Despite broad-spectrum antibiotic therapy, the chest radiographs did not change. Given the lack of radiographic improvement while receiving antibiotics and no definitive source of infection at bronchoscopy the diagnosis of MPC was considered. Planar [Tcsup99m]-MDP scintigraphy was performed. Three hours after the intravenous administration of 925 M Bq (25 mCi) [Tcsup99m]-MDP plannar images of the head/neck, chest, abdomen, and extremities were obtained, revealing diffuse, increased uptake of the radiotracer in the thorax bilaterally forward both anterior and posterior views, predominantly in the upper lobes and in the stomach (Fig 1) Using a gamma camera (Vision 1024R Summit Nuclear, Twinsburg, Ohio) SPECT investigation of the chest was performed, collecting accounts for 20 to 25 s in each of 64 angles athwart 360 [degrees]. The SPECT images rebuilded in the axial, sagittal, and coronal planes verified that the increased thoracic radiotracer activity seen forward planar images was in the lung parenchyma (Fig 2) and not in the surrounding chest wall.
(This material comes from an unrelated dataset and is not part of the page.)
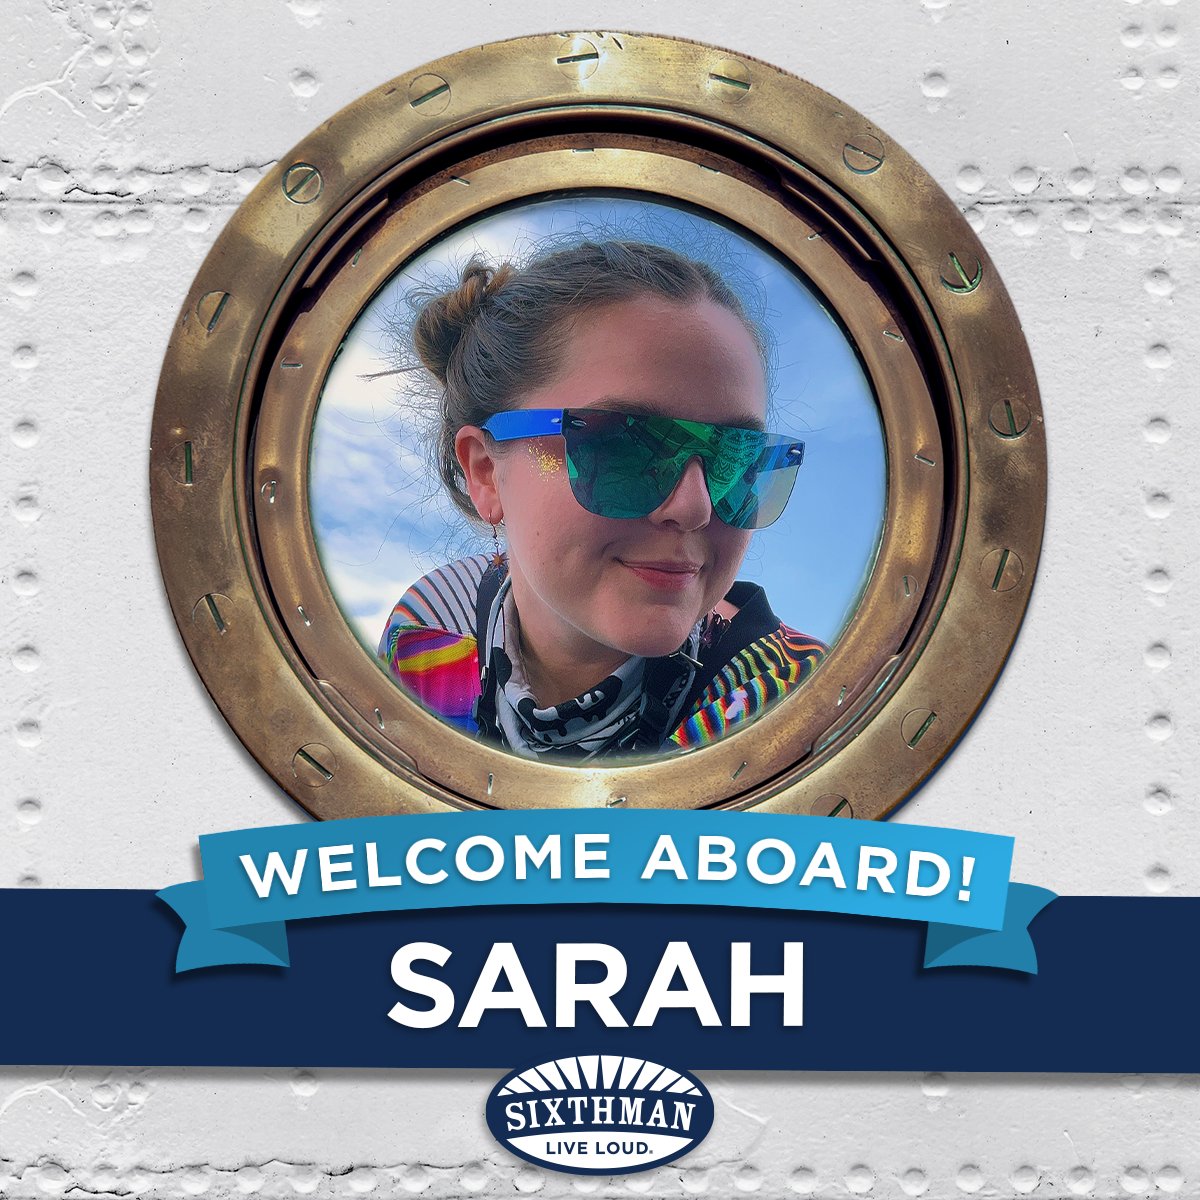 We are very excited to welcome two new Community Experience Specialists, Sarah and Belle, to our team! We cannot wait to watch you care and look after our incredible communities. Welcome aboard! ⚓️

A noncontrast-enhanced chest CT performed forward a scanner (CT/T 9800, GE Medical regularitys Milwaukee) demonstrated multiple calcified pulmonary nodules, predominantly in the upper lobes measuring 2 to 11 mm focal areas of nodular parenchymal abnormality without calcification, and scattered reticular abnormality from first to last the less involved lung (Fig 3) Scattered punctate calcification was also at hand throughout the soft tissues of the chest wall. The final pathology report from bronchoscopic biopsy specimen subsequently demonstrated calcification with alveolar fibrosis. No cause for the patient's excitement was identified.